Depois, em nome da comitiva e do Prefeito ²Pedro Rodrigues Gaia, falou o sr. João Moraes, que depois de eloquente discurso rematou: "Ajudemos, senhores, aos homens de governo a construir a nossa pátria".

Às 13h, o ambiente de festividades transmudou para melhor com a faustosa notícia da morte do "Terror do Sertão", o famigerado bandoleiro Lampião, - que em companhia de 10 sequazes - salientando-se entre eles os famosos, Luiz Pedro e Ângelo Roque tombou sem vida diante da - tenaz perseguição de forças do II - Batalhão, sob o comando do tenente Bezerra.

Tal notícia procedente de Piranhas, foi transmitida pelo telégrafo ao sr. tenente-coronel José Lucena, que exultou de alegria. O entusiasmo foi demasiado. Falaram diversos oradores.

Às 15h, mais ou menos, teve lugar a posse. É lida por Antônio Bulhões, o relatório do Sr. Ormindo da Silva Barros, a sua gestão desde Novembro de 1937. O ex-prefeito, usando a palavra, faz um longo discurso e em seguida faz a entrega do cargo ao seu substituto, o Sr. Pedro Rodrigues Gaia. Lavrada e lida a ata pelo Sr. Sebastião Costa Barros, secretário da Prefeitura, depois de assinadas, foi encerrado o ato.

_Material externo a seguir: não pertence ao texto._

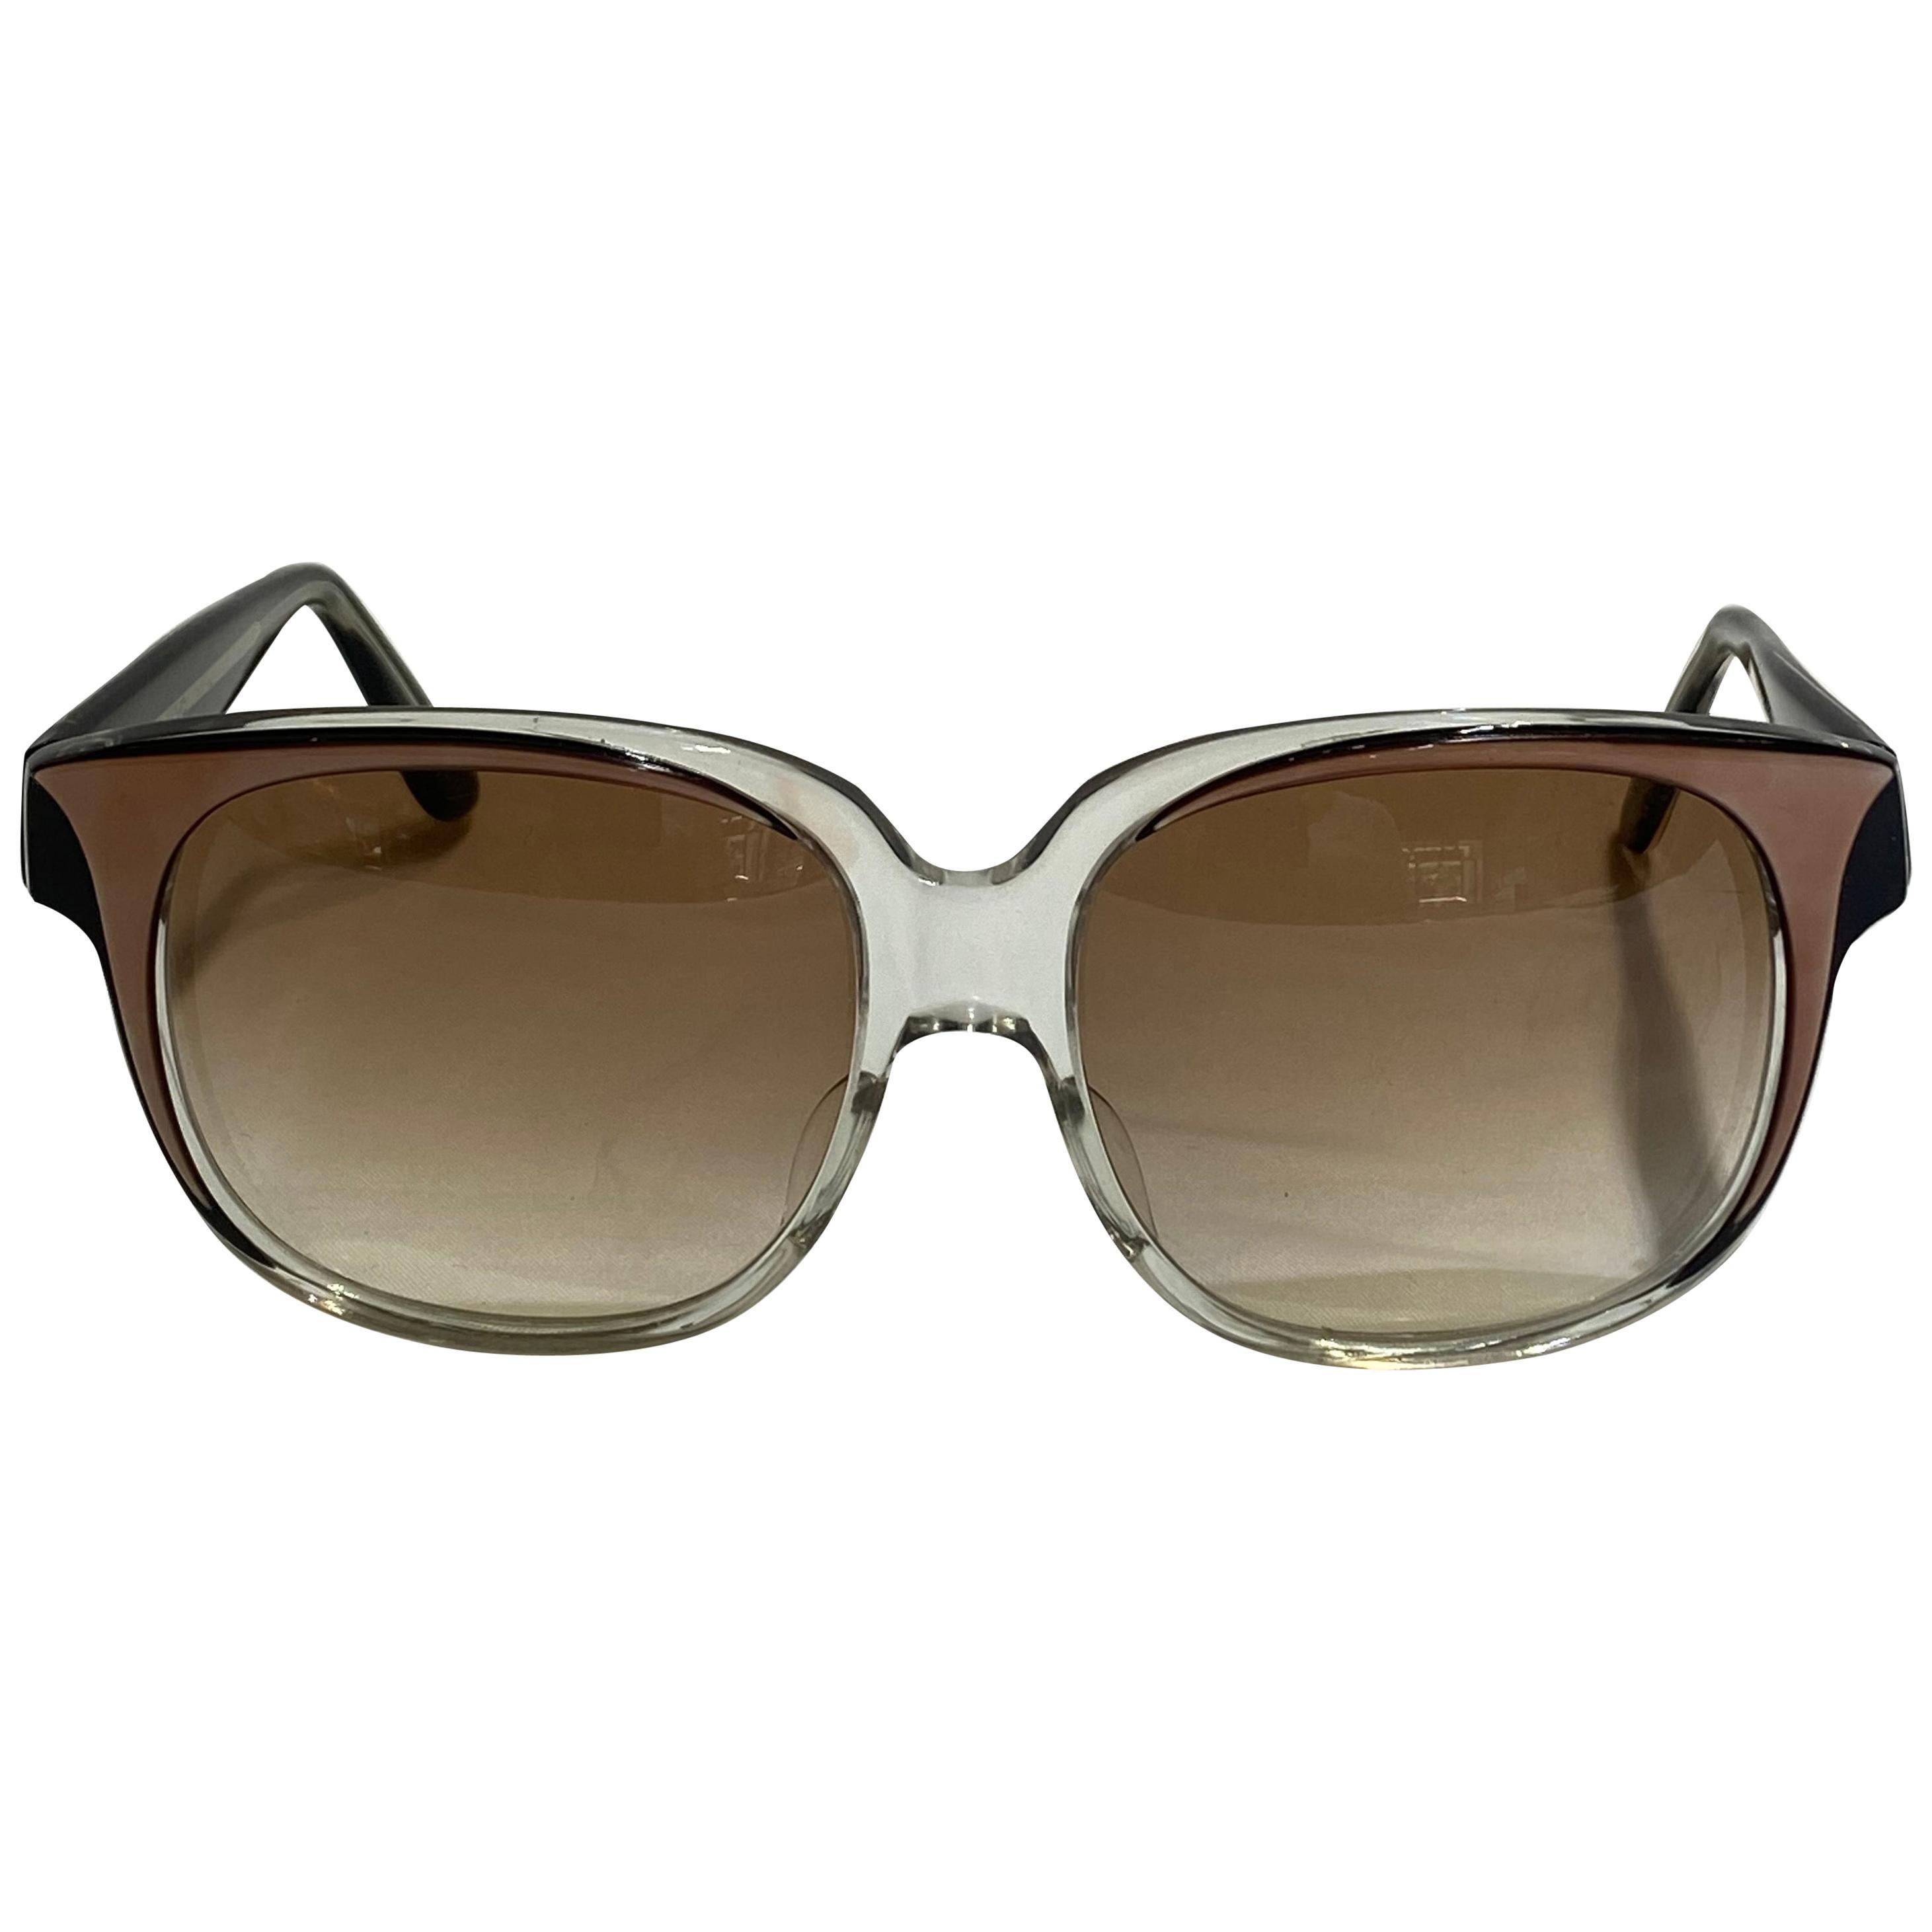 Vintage Emanuel Khanh Paris Square Sunglasses

Discursaram ainda os Srs. José Pinto de Barros, pelo prefeito Pedro Gaia; João Moraes, o advogado dr. Manoel Duarte. Compareceram à solenidade o tenente-coronel José Lucena; pelo secretário de Fazenda, Dr. Augusto Pereira da Costa, Juiz de direito desta comarca; Sr. Francisco Cavalcante, prefeito de Palmeira dos Índios; o prefeito de Arapiraca; Valdemar S. Lima, tabelião de Palmeira dos Índios; vários oficiais e sargentos do II Batalhão; o representante do “Jornal de Alagoas” nesta cidade e o de Palmeira dos Índios; representantes da "Gazeta de Alagoas" de ambas as cidades e várias pessoas da alta classe social, além de grande massa popular.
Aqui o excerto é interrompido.